Records excerpted from a collection
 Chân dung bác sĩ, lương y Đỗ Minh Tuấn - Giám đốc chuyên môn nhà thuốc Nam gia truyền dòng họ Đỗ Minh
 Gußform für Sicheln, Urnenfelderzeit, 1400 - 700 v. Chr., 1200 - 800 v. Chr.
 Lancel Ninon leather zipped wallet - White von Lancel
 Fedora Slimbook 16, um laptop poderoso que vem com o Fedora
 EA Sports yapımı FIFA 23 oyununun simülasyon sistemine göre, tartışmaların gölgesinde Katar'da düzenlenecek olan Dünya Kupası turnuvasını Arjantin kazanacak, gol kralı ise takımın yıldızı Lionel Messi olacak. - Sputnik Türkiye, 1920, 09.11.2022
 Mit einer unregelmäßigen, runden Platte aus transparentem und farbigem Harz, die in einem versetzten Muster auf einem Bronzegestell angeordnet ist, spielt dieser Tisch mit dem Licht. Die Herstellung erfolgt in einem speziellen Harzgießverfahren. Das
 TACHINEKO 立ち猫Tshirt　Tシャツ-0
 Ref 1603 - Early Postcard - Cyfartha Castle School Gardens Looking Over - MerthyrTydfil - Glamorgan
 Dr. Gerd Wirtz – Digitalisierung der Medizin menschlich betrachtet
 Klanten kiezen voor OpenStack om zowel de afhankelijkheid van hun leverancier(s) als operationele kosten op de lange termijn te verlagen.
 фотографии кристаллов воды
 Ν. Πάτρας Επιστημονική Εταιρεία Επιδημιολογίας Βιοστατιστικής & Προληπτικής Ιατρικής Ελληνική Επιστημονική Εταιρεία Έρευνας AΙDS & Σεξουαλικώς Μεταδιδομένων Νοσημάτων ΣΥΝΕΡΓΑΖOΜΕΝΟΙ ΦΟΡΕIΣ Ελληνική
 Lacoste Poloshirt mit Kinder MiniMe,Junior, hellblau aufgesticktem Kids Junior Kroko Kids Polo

- TRY IT
Could you retype exactly the lines from the one containing "Dr. Gerd Wirtz" through the final line of the data above, and no others?

- RESPONSE TO THIS TASK
 Dr. Gerd Wirtz – Digitalisierung der Medizin menschlich betrachtet
 Klanten kiezen voor OpenStack om zowel de afhankelijkheid van hun leverancier(s) als operationele kosten op de lange termijn te verlagen.
 фотографии кристаллов воды
 Ν. Πάτρας Επιστημονική Εταιρεία Επιδημιολογίας Βιοστατιστικής & Προληπτικής Ιατρικής Ελληνική Επιστημονική Εταιρεία Έρευνας AΙDS & Σεξουαλικώς Μεταδιδομένων Νοσημάτων ΣΥΝΕΡΓΑΖOΜΕΝΟΙ ΦΟΡΕIΣ Ελληνική
 Lacoste Poloshirt mit Kinder MiniMe,Junior, hellblau aufgesticktem Kids Junior Kroko Kids Polo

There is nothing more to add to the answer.